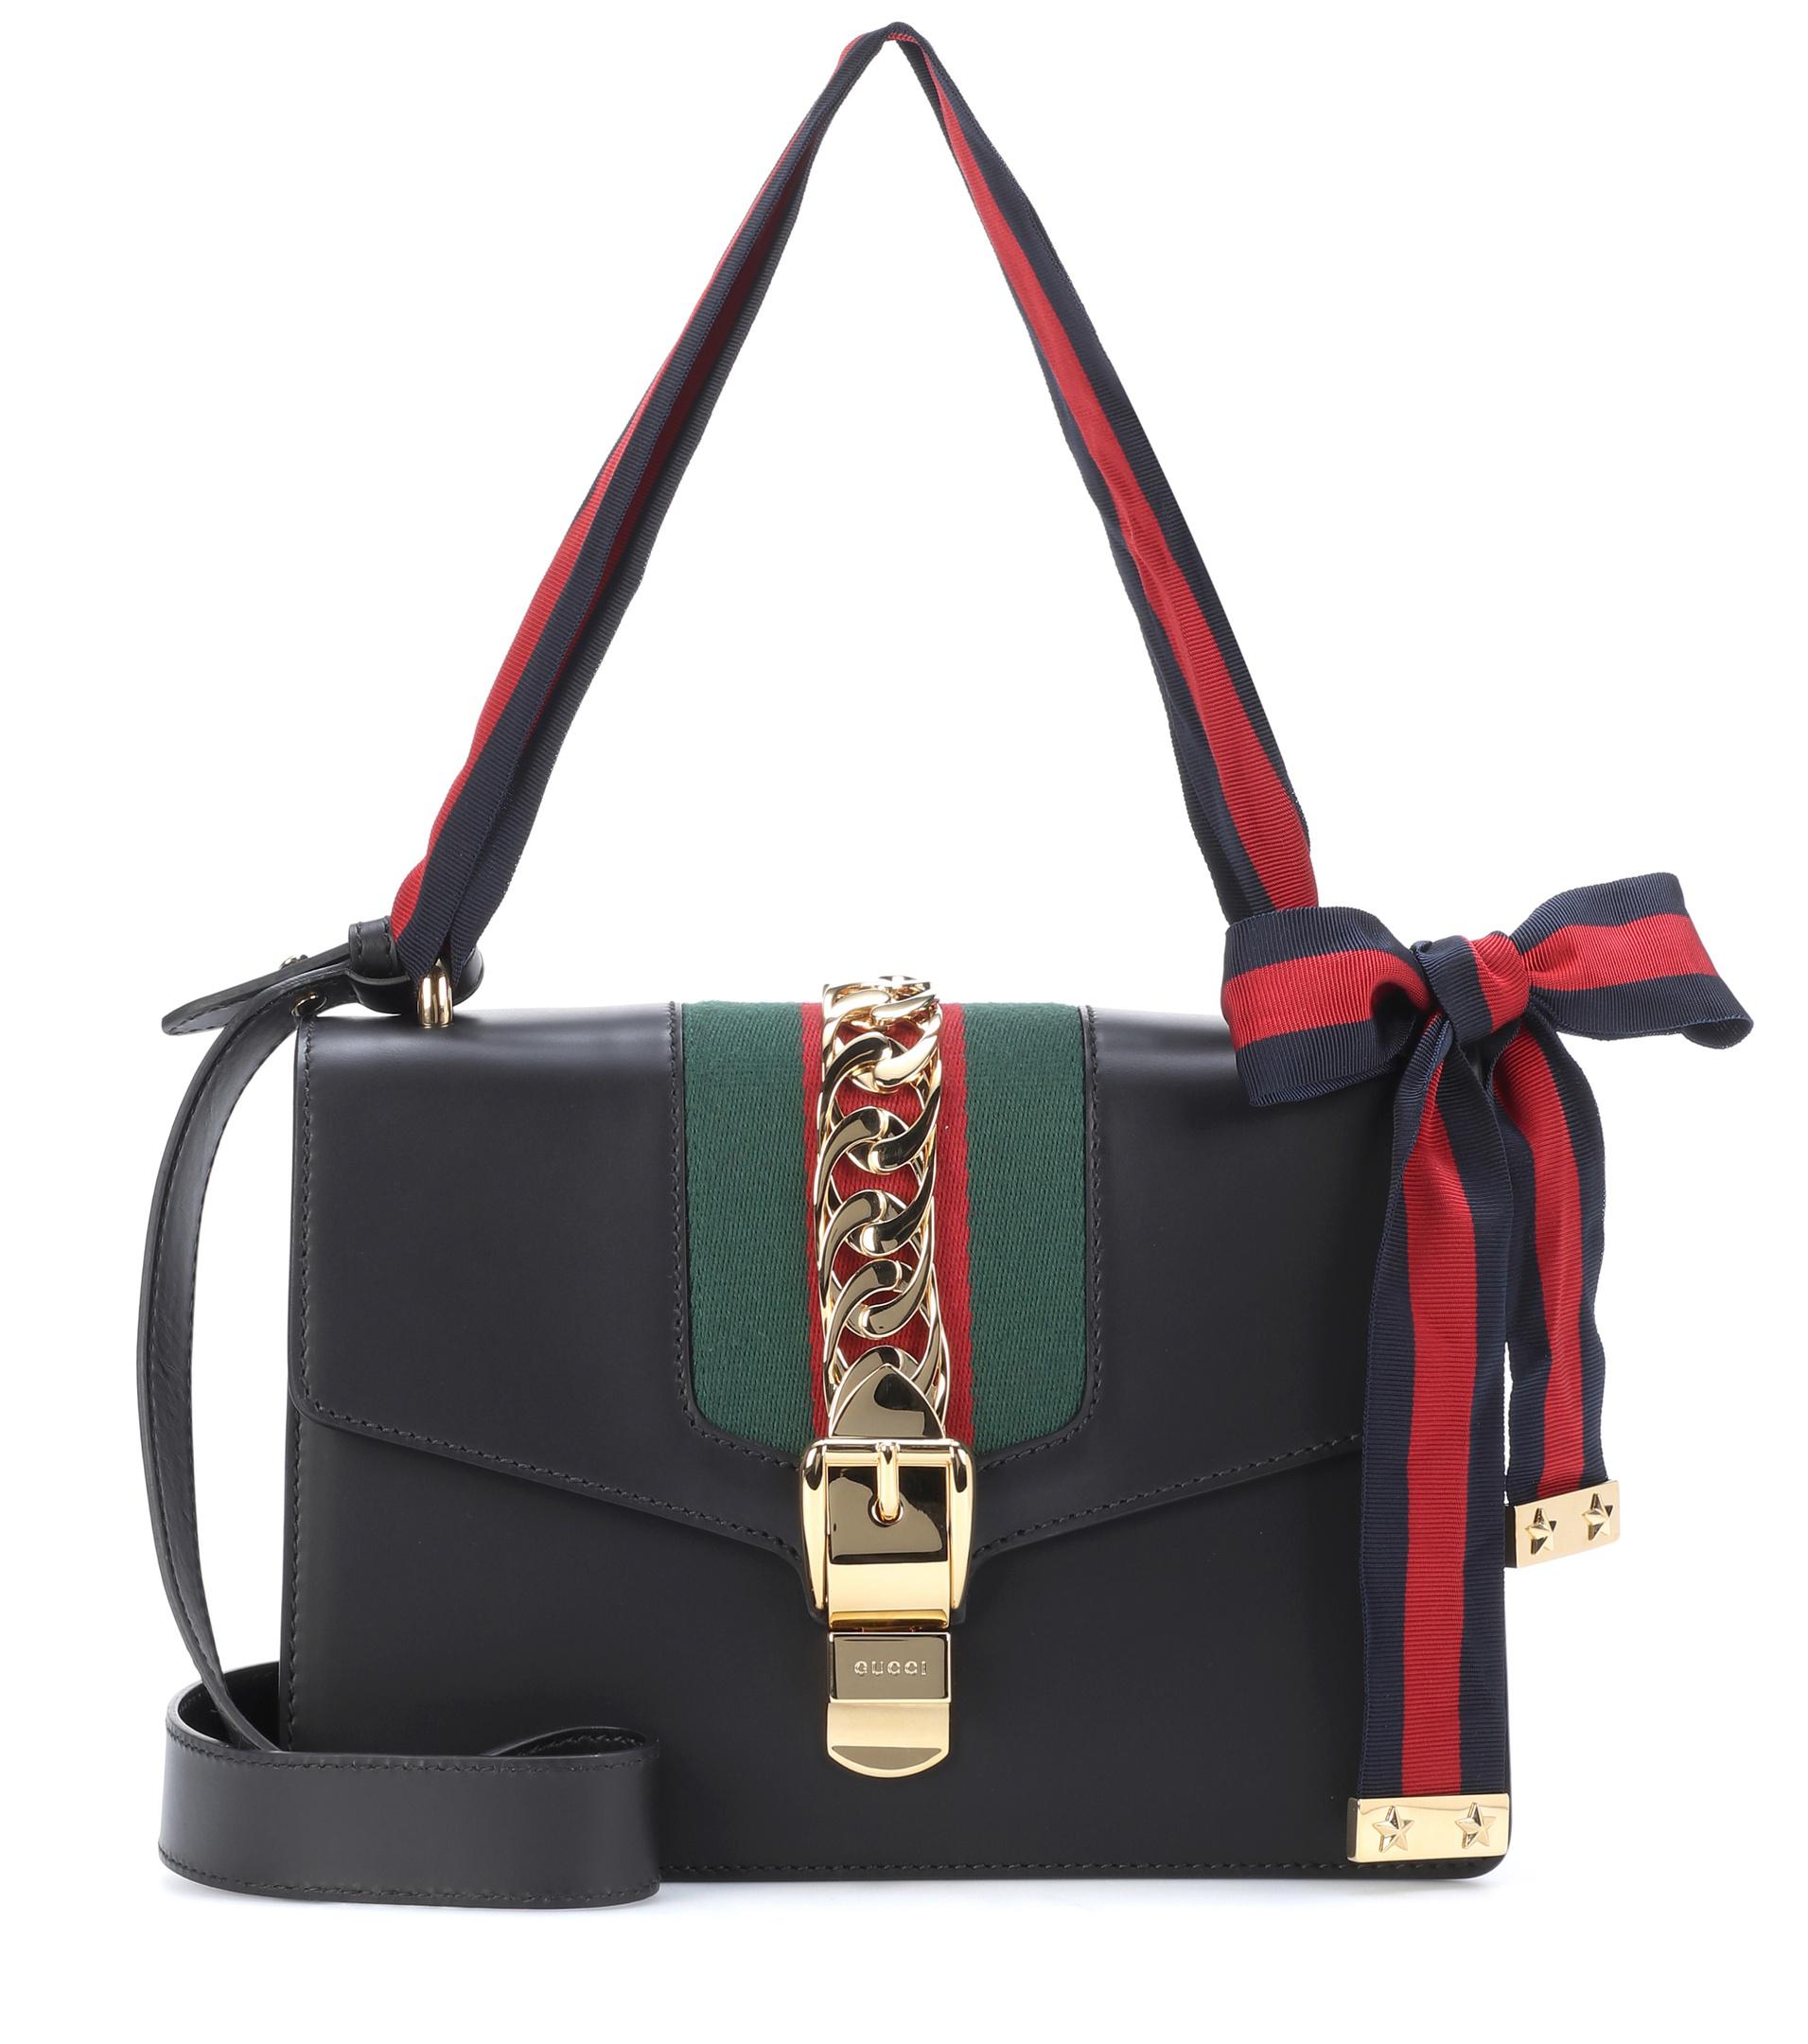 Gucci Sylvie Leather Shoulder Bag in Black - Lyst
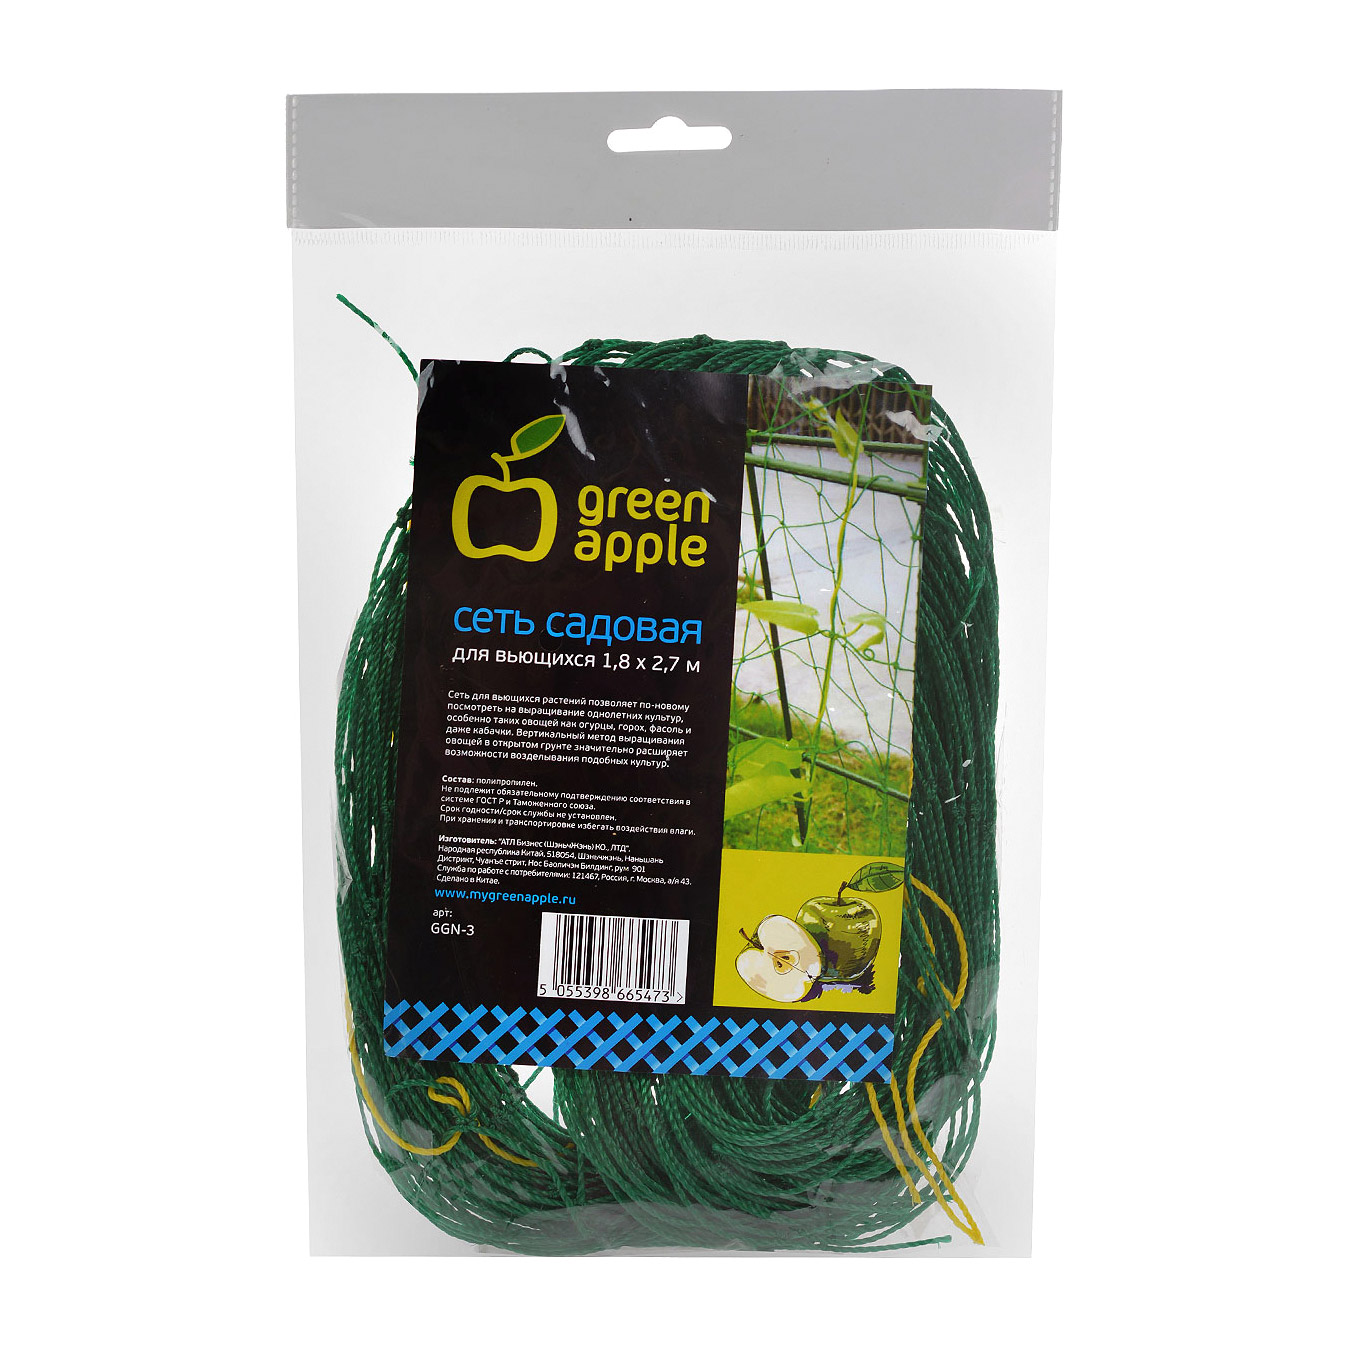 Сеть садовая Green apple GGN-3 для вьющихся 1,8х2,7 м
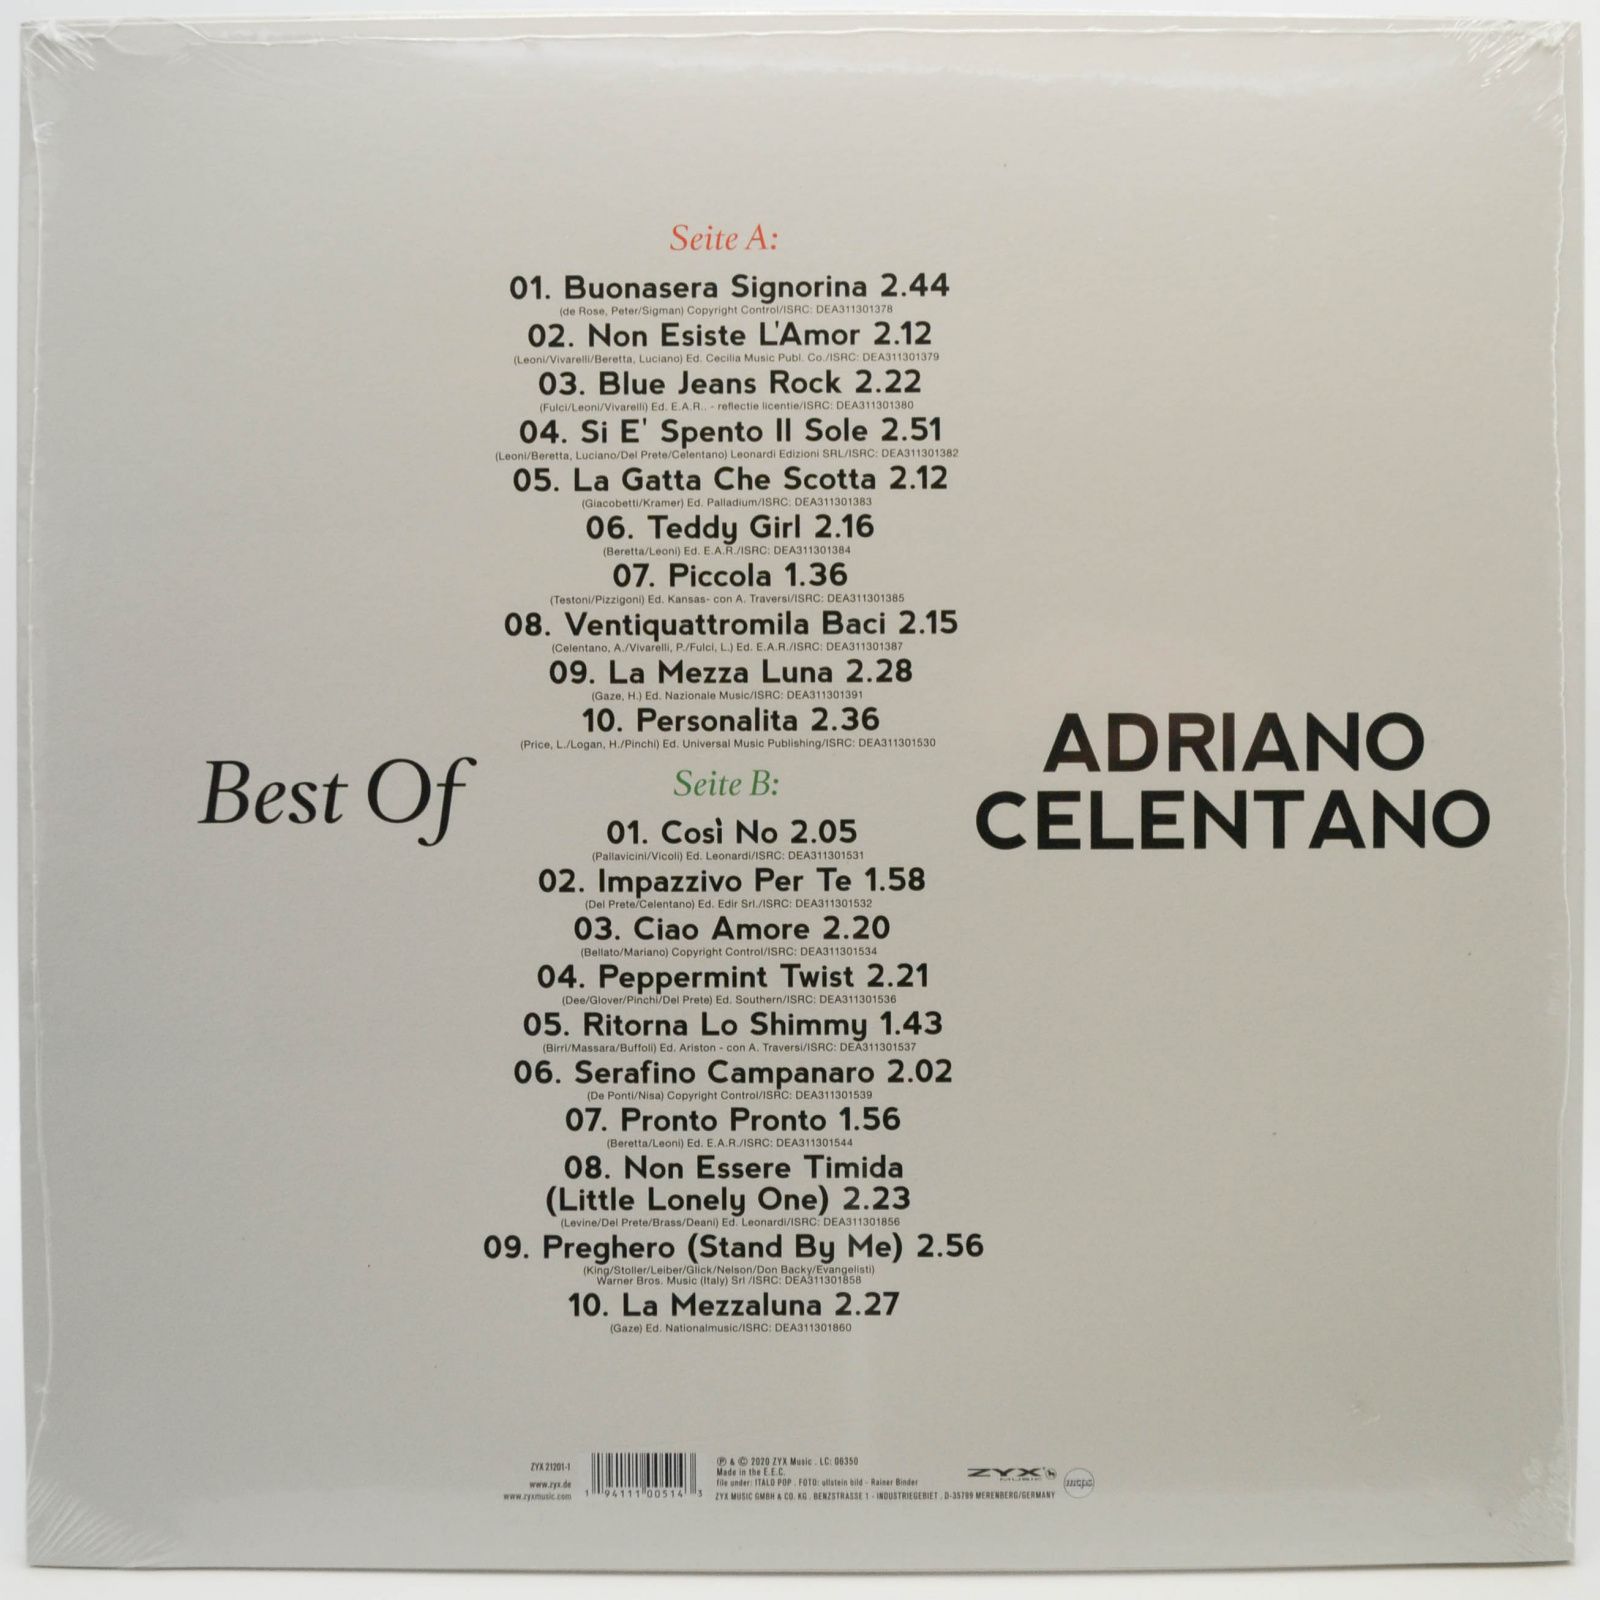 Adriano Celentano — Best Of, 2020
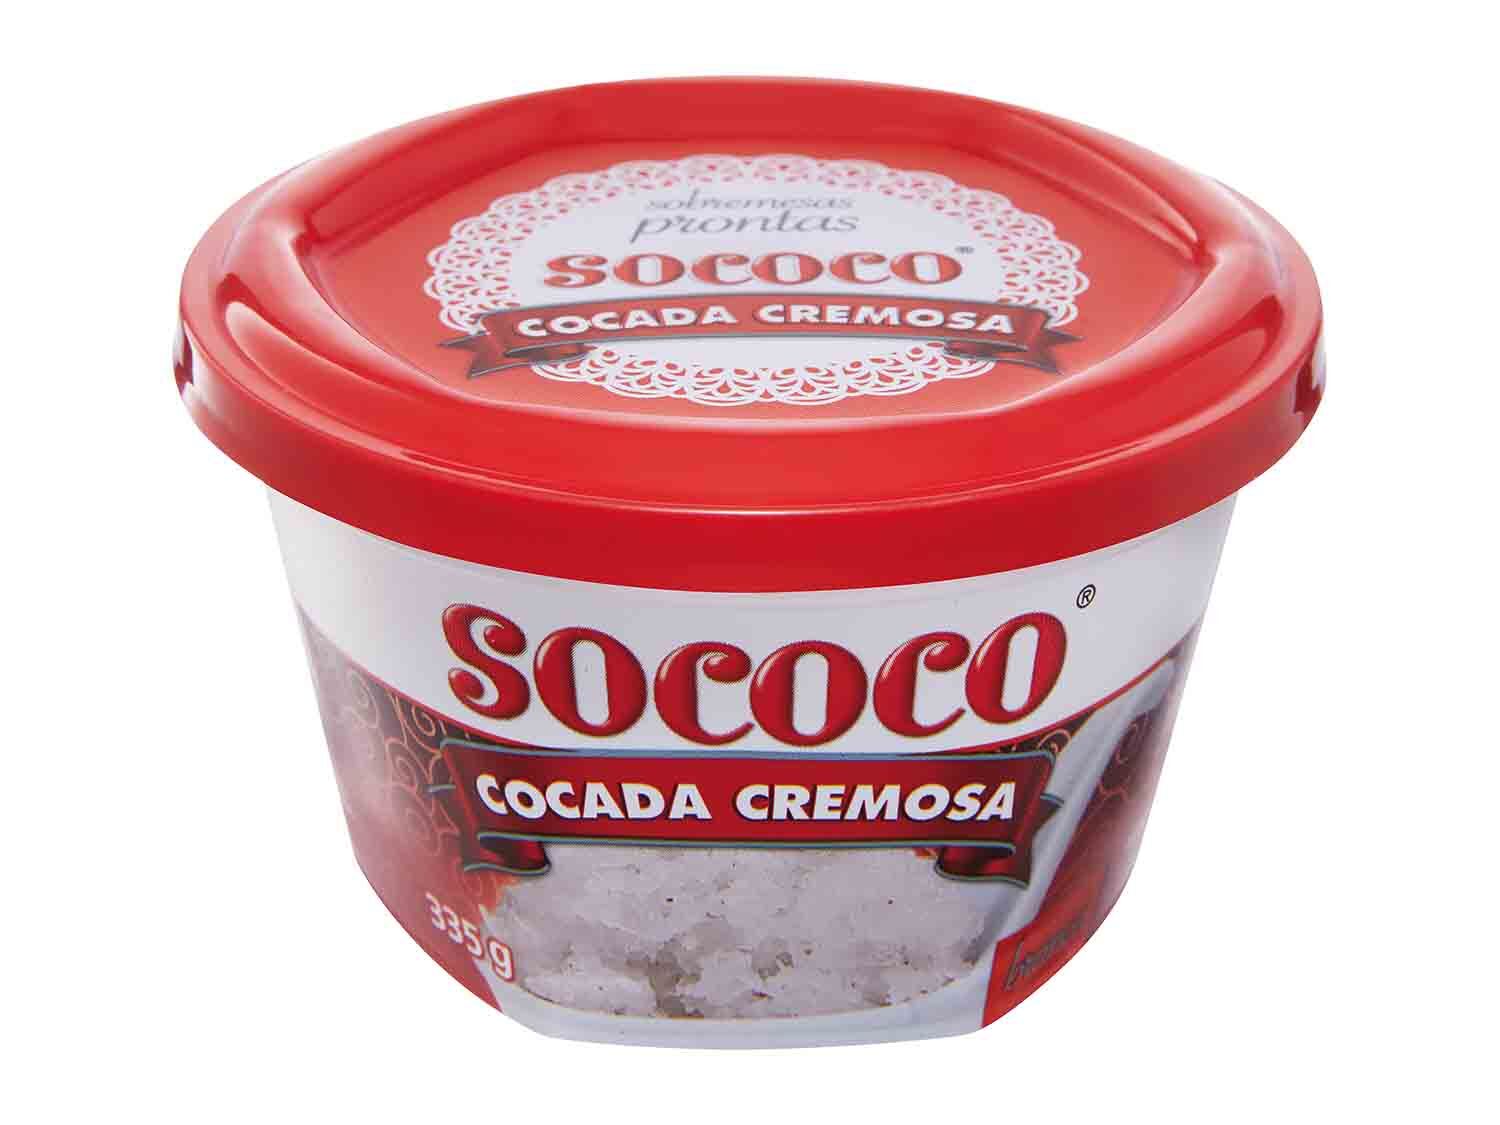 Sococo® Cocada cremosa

- Exercise aim
Write out verbatim the lines from the one containing "Adriano Celentano — Best Of, 2020" through the last line of the listing above, and no other lines; omit pictures.

- Exercise result
 Adriano Celentano — Best Of, 2020
 Sococo® Cocada cremosa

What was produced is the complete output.